Interestingly, doxycycline which is also used for the treatment of rosacea, revealed similar effects to those of SBDS. The following effects have been obtained/published for SBDS and doxycycline: 1) Inhibition of KLK547 and MMP9 activity,48 reduction of the release of LL-3749 and ROS47 by doxycycline and SBDS. 2) Reduction of the release of VEGF by SBDS and inhibition of angiogenesis by doxycycline shown in HUVECs.48 3) Inhibition of cytokine release (IL6, IL8, TNFα) in LPS-induced HaCaT cells by doxycycline50 but no effect of SBDS on IL8 and TNFα mRNA expression in neutrophils. These data indicate that doxycycline and SBDS possibly exert their effects via similar pathways. However, further studies are needed which directly compare these treatment strategies in vitro to gain more detailed insight into the mode of action of SBDS.

Conclusions

SBDS appears to exert its anti-inflammatory effects in rosacea via several mechanisms, but a major target could be the LTB4/LL-37/Ca2+/granular release axis.

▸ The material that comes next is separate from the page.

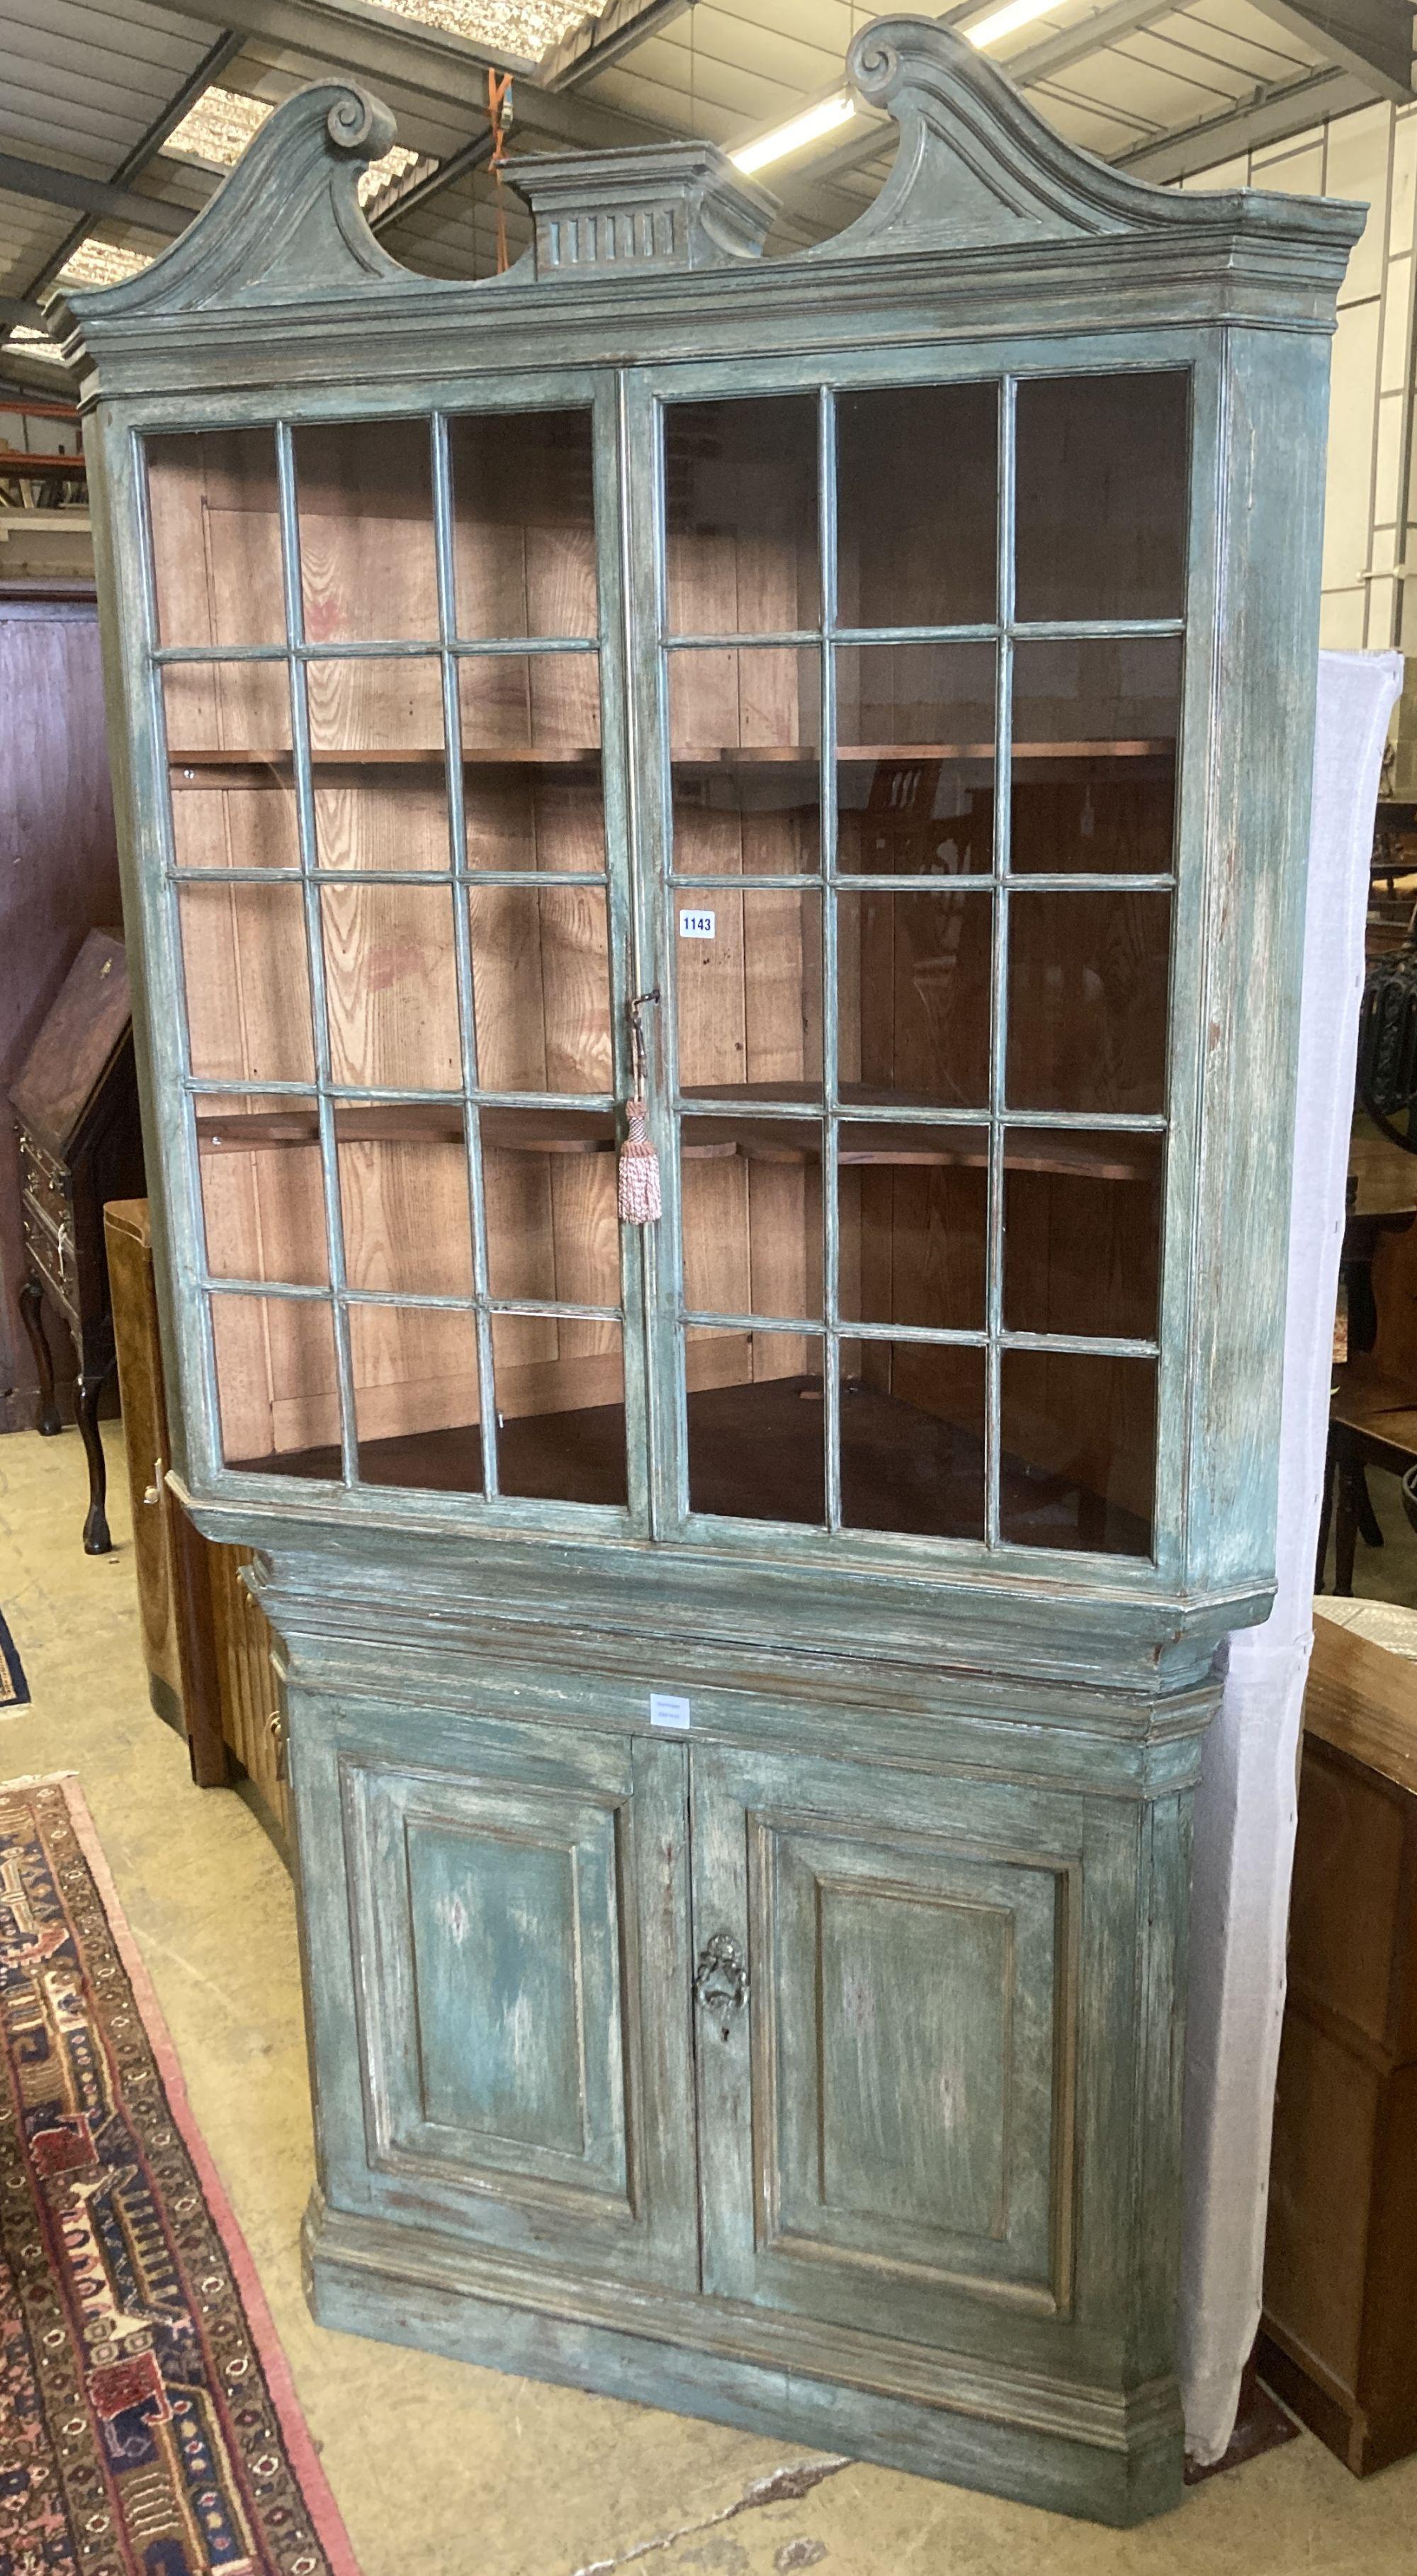 An 18th century style Dutch painted standing corner cabinet, width 112cm depth 60cm height 225cm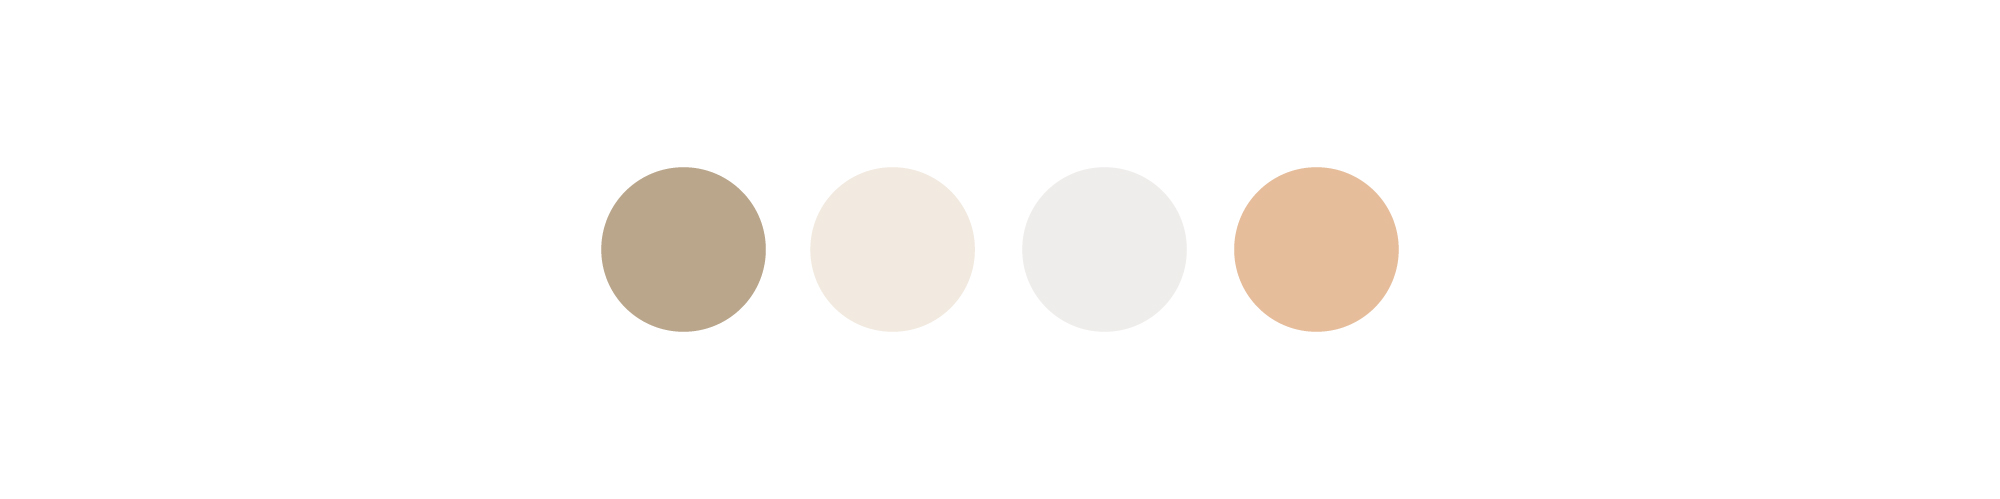 Meristem-Colors.jpg

Our data suggest that SBDS possibly regulates anti-inflammatory processes (eg reduction of immune cell recruitment, and cytokine release by other immune cells, proliferation of endothelial cells, and angiogenesis) by suppressing LL-37, ROS, elastase and VEGF release from neutrophils. In summary, SBDS mediates, at least in part, anti-inflammatory effects by reducing some effector functions of neutrophils. Further studies are needed to clarify the biological relevance of the observed effects and to investigate the underlying mechanisms.

Abbreviations

7-AAD, 7-Aminoactinomycin; ANOVA, analysis of variance; APMA, p-aminophenylmercuric acetate; FACS, fluorescence-activated cell sorting; FCS, fetal calf serum; fMLP, Formyl-Methionyl-Leucyl-Phenylalanine; GAPDH, glyceraldehyde-3-phosphate-dehydrogenase; GM-CSF, granulocyte macrophage colony-stimulating factor; HBSS, Hank’s balanced salt solution; IL, interleukin; KLK5, kallikrein 5; 5-LO, 5 Lipoxygenase; LTB4, leukotriene B4; MMP9, matrix metalloproteinase 9; PBS, phosphate-buffered saline; PBMC, peripheral blood mononuclear cells; PMA, phorbol-12-myristate-13-acetate; RFU, relative fluorescence unit; RT, room temperature; SBDS, sodium bituminosulfonate dry substance; SAAVNA, N-succinyl-Ala-Ala-Val-p-nitroanilide; TNFα, tumor necrosis factor alpha.

Acknowledgment

This work was supported by the Landesoffensive zur Entwicklung wissenschaftlich-ökonomischer Exzellenz (LOEWE), Centre Translationale Medizin und Pharmakologie (TMP) and partially funded by ICHTHYOL-GESELLSCHAFT Cordes, Hermanni & Co. (GmbH & Co.) KG.

Author Contributions

All authors made a significant contribution to the work reported, whether that is in the conception, study design, execution, acquisition of data, analysis and interpretation, or in all these areas; took part in drafting, revising or critically reviewing the article; gave final approval of the version to be published; have agreed on the journal to which the article has been submitted; and agree to be accountable for all aspects of the work.

Funding

The study was partially financed by ICHTHYOL-GESELLSCHAFT Cordes, Hermanni & Co. (GmbH & Co.) KG.

Disclosure

Current address of M.J.P. is EpiEndo Pharmaceuticals ehf, 170 Seltjarnarnes, Iceland. Prof. M.J.P. also reports contract fee from ICHTHYOL-GESELLSCHAFT Cordes, Hermanni & Co. (GmbH & Co.) KG, grants from Landesoffensive zur Entwicklung wissenschaftlich-ökonomischer Exzellenz (LOEWE), Centre Translationale Medizin und Pharmakologie (TMP) of the State of Hessen, during the conduct of the study. The authors report no other conflicts of interest in this work.